The Butcher Block also offers other meats, but neither pork nor chicken prices have risen to the extent that beef has, Richmond remarked. But he did say he’s heard of the virus spreading among pigs, and is preparing for pork chops to become more expensive, as well.
All of his beef is the grain-fed Midwestern variety, he said. Richmond doesn’t buy any locally grown beef for his shop. Because the state doesn’t have large cattle feedlots and the corn keep those cattle fed, Richmond said, the state doesn’t produce great quantities of grain-fed beef.
Fuel costs play into those Midwestern cuts, though, and Richmond said he pays a fuel surcharge on every box of beef shipped to Beaver.
Down the road in Daniels, Devin Billeter hasn’t raised his Dish Café beef menu prices because he relies on locally grown grass-fed beef for his burgers. Billeter and his partners, his wife, Tammy, Mark and Michelle Rotellini and Rosy Corley and Beverly Hall, use as many locally grown products as possible, he said, including ground beef from Swift Level Farms in Greenbrier County. Steaks are grain-fed Midwestern cuts, he said, because marbling in the meat makes it cook better at higher temperatures.
The partners are keeping those steak prices within what the market will bear, hoping to maintain a pretty loyal customer following as they enter their second year in business.
“We don’t want to scare them away,” Billeter said. “We still have the same prices on this menu as we did on the last one.”

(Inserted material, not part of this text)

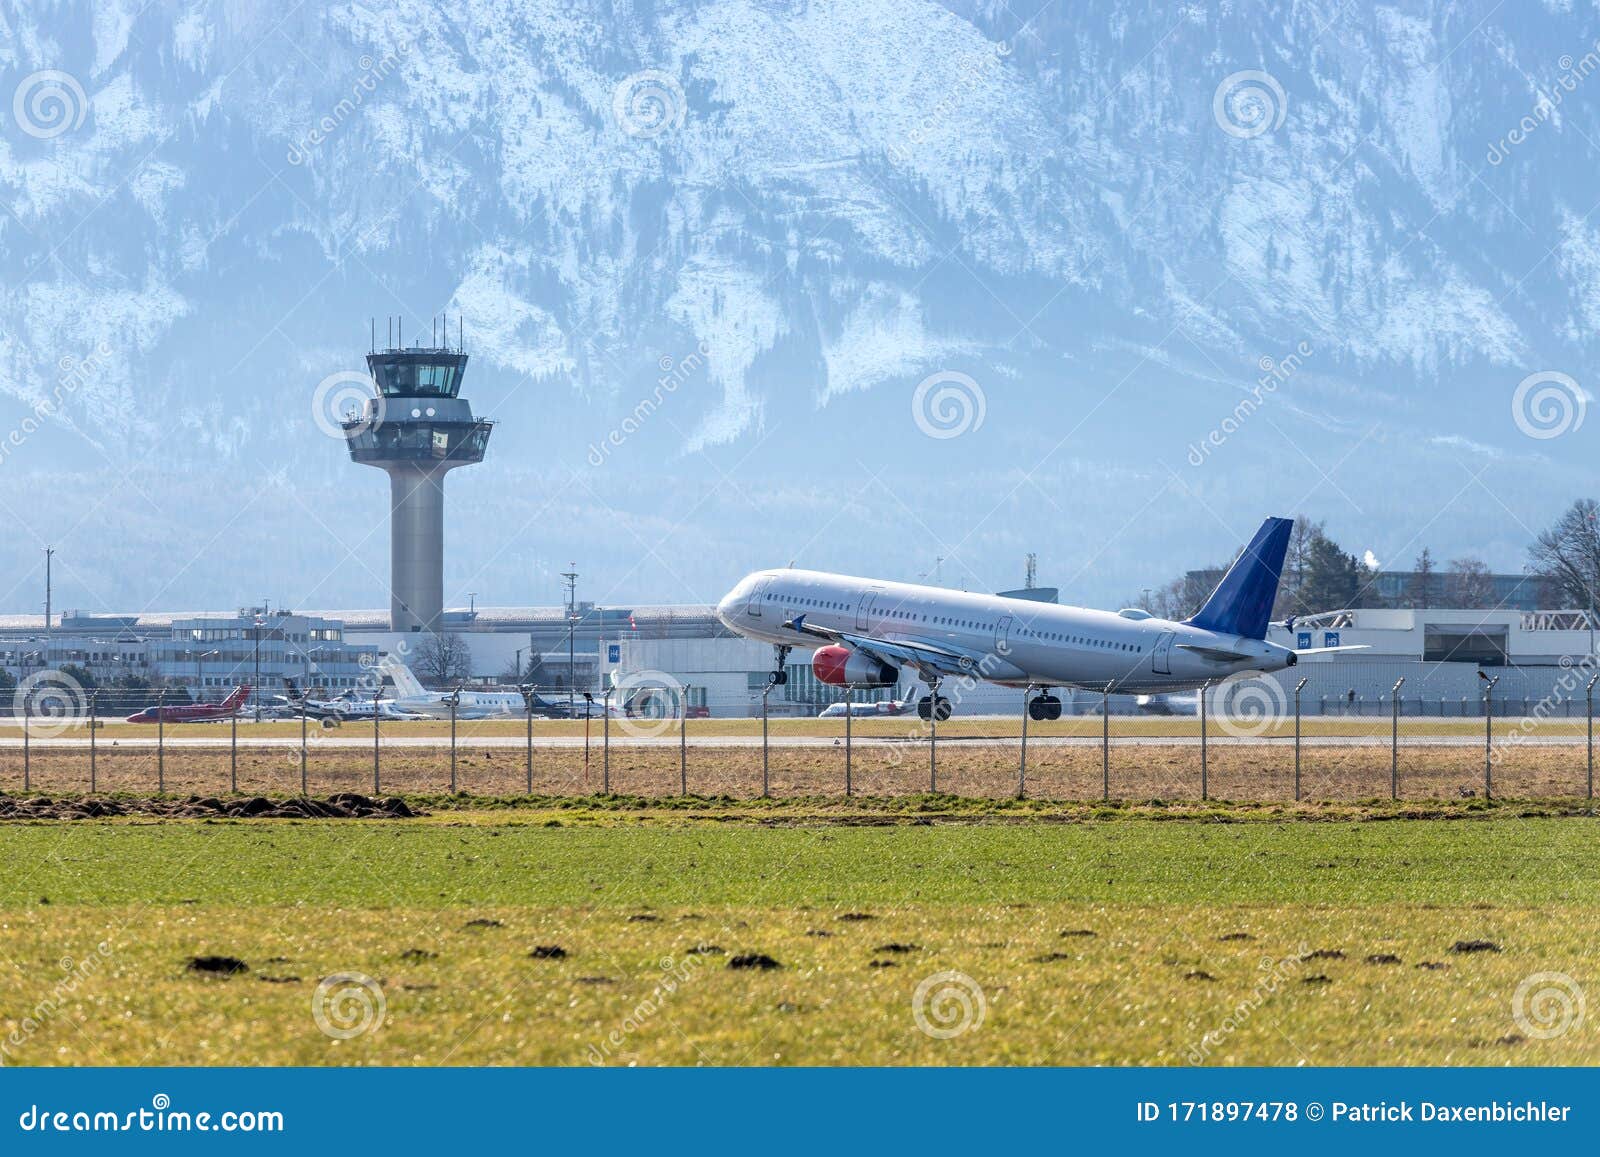 airplane arrival at the airport. travel by air, transportation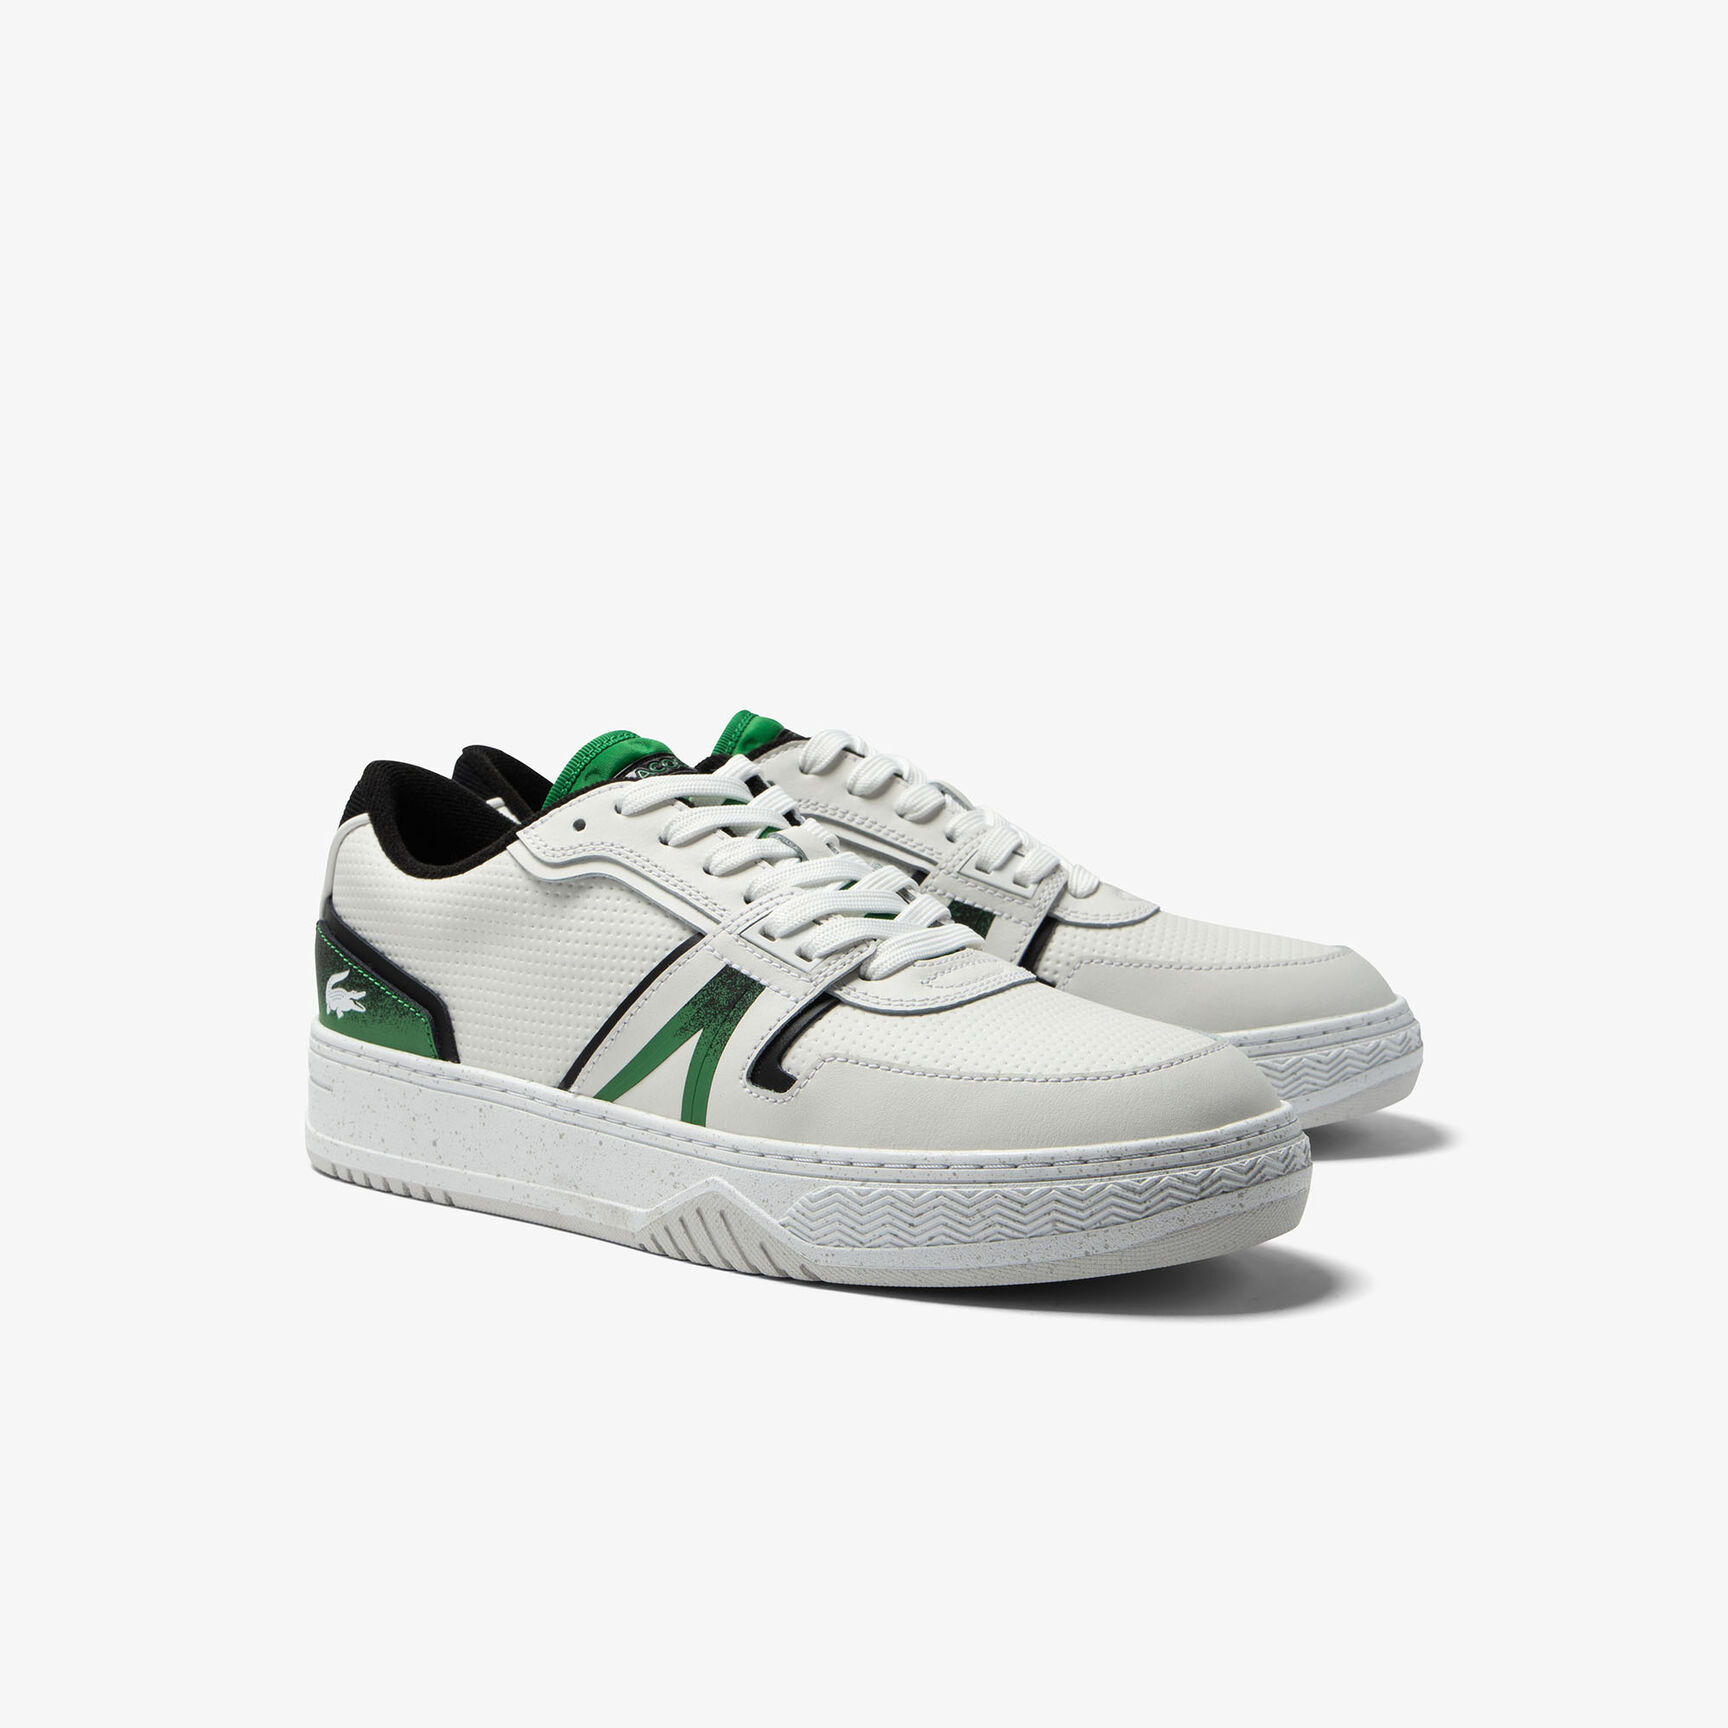 Buy Men's Lacoste L001 Leather Spray Print Trainers | Lacoste UAE

Billeter said he’s heard rumors that pork prices will go up into next year, and he hopes that will help level out the rise in the price of beef.
But chicken? Chicken seems to be the more reliably priced protein staple, mainly because poultry’s growth period is a fraction of a larger animal’s.
“Chicken seems to be the life-saving protein while we ride this out, however long that may be,” Billeter said.
With a commodities market in such an upward spiral, running a restaurant and setting prices is bound to be tricky.
“Any time you have a commodity increase, especially in protein, it’s a challenge to the bottom line because you don’t want to gouge the customer,” Billeter noted. “We’re here for the community and we’ll do whatever we can to maintain the pricing at this restaurant.”
The locally grown angle has some lift, too, as customers look for meat choices that are guaranteed not to have hormones and antibiotics.
In Pocahontas County, Stompin’ Crick Farms offers locally grown beef, pork and lamb.
Farm owner and Marlinton Middle School principal Joe Riley said locally grown beef will eventually match the feedlot variety in price.
“If I slaughter it, I lose 50 percent of the weight,” Riley said. “It’s hard to readjust prices. A lot of times, it’s just shooting in the dark.”
Riley said the farm’s 40 customers generally get a variety box of meat, containing all three products, but he also has customers who purchase only the ground versions of each.
He and his wife Sarah, and children, James, Kayla, Silas and Hazel, are all hands-on farmers, with the kids growing into farm chores as they age.
The crew at Stompin’ Crick butcher eight steers, a dozen hogs and 16 lambs each year, with most of their sales coming in the fall of the year. The freezers are all empty now, as sales for locally grown meats have increased moderately.
Lamb prices have been pretty steady, and Riley expects his favorite will remain priced as it is for some time to come.
“I just like it better,” he said. “It has more flavor.”